Another thing that I noticed was that the good manners seemed genuine and not rehearsed like what occurs here. It is common to enter a department store here and be greeted by a customer service individual who can only say good morning but if you enquire about the item they cannot provide any service.

However, in New Orleans, I observed customer service individuals going out of their way to assist and unlike us they did not appear to have one price for the tourists and another for the locals.

For instance, for some time now I was checking out the pricing policy for taxis at the Grantley Adams International Airport. The price suggests that a taxi from the airport to St. George Parish Church is around $46 certainly not $50. So I decided to try this out, and low and behold the man said that that price was for one person but if travelling with others it goes up to as much as $63, even though my party (three individuals) was going to the same destination. Is this what we are calling good customer service and Barbadian hospitality?

Another thing, the sign inside the airport facility says that “red caps” (baggage carriers) are to be paid about BDS $2 per bag and yet we overheard one demanding up US $5 for each bag. This is ridiculous and such behaviour needs to be addressed.

I know that I will get some slack for this but that “red cap” hindrance needs to be removed, it is certainly not helping our already failing tourism industry. We are going to be left behind by leaps and bounds if we continue to be complacent.

Another thing I observed when we arrived at the airport in New Orleans, was the easy, courteous manner with which we were given help. I had thought for sure that we would be on our own as soon as we left the confines of the airport facility. This was not so. There was a counter situated just outside the exit where a lady greeted us and proceeded to talk to us thus easily finding out our destination.

That was not all. When she saw that I was struggling with my luggage, she provided a simple solution on how to “piggy back” my luggage and this was not given in a sarcastic manner — imagine my shock.

Information was then provided about a shuttle service and the quotes were for the length of the journey and not the number of people on the journey and these quotes were posted on a notice board in the airport and on the shuttle. Let me explain, if our party was staying at a hotel on Bourbon Street and the quote says, ‘Airport to Bourbon Street $50’ it did not change to $60 when we approached the vehicle. Further, if another party was travelling to the same street they would pay the same thing.

It is amazing how unethical behaviour has crept into our business dealings and has now become the status quo. This is not good for the industry that we are placing so must weight on to get us out of the recession. Actually, it is this type of behaviour that will ensure we remain in it.

Street crossings in New Orleans were a bit confusing since when one side was showing walk the other side did not, but do not despair most motorists waited and at times would even call pedestrians across when they noticed their hesitation. The drivers on the street trams were just as helpful and should you go in the wrong direction that is not problem you can purchase a ticket for the entire day and just be driven around.

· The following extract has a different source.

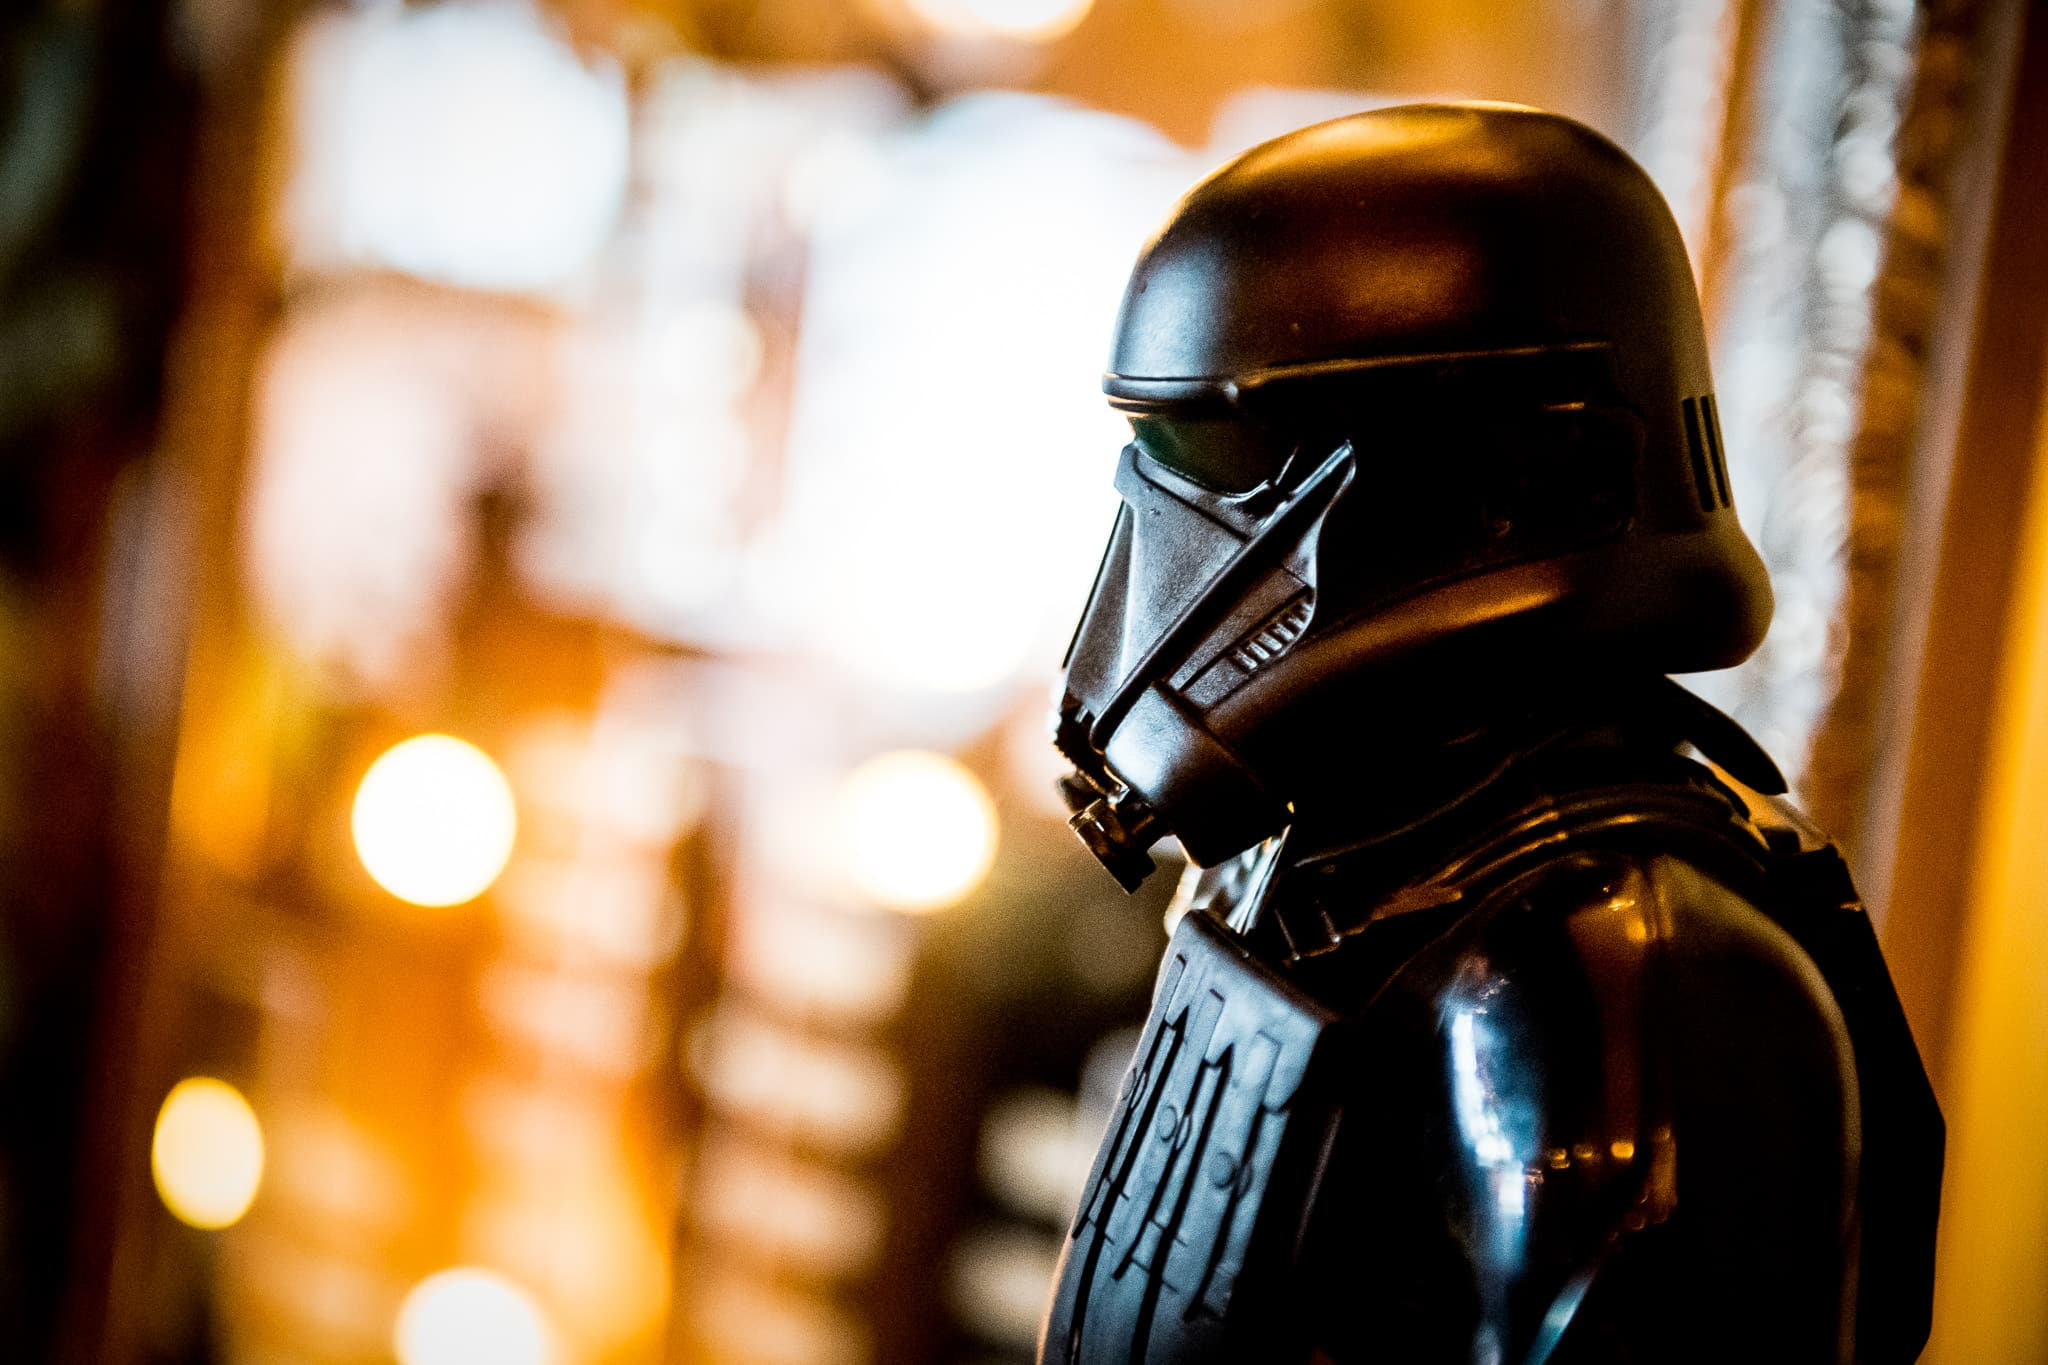 Aster Cafe Star Wars Theme Details 11

I just experienced shock after shock. Their helpful manner reminded me of how bus inspectors would help elderly people to the correct bus in the bus stand when I was going to school. It also reminded me of how one could place a stranger in a bus in Barbados and be assured that when asked, the driver would ensure that the individual arrived at their destination safely.

As my grandmother would say “you could ask a question”. However it is not so nowadays, unless you want to lose your head with the snap that will ensue. It is little things like these tourists will notice and take back with them, not only the artificial manner with which we treat them but the ill-mannered way we treat each other.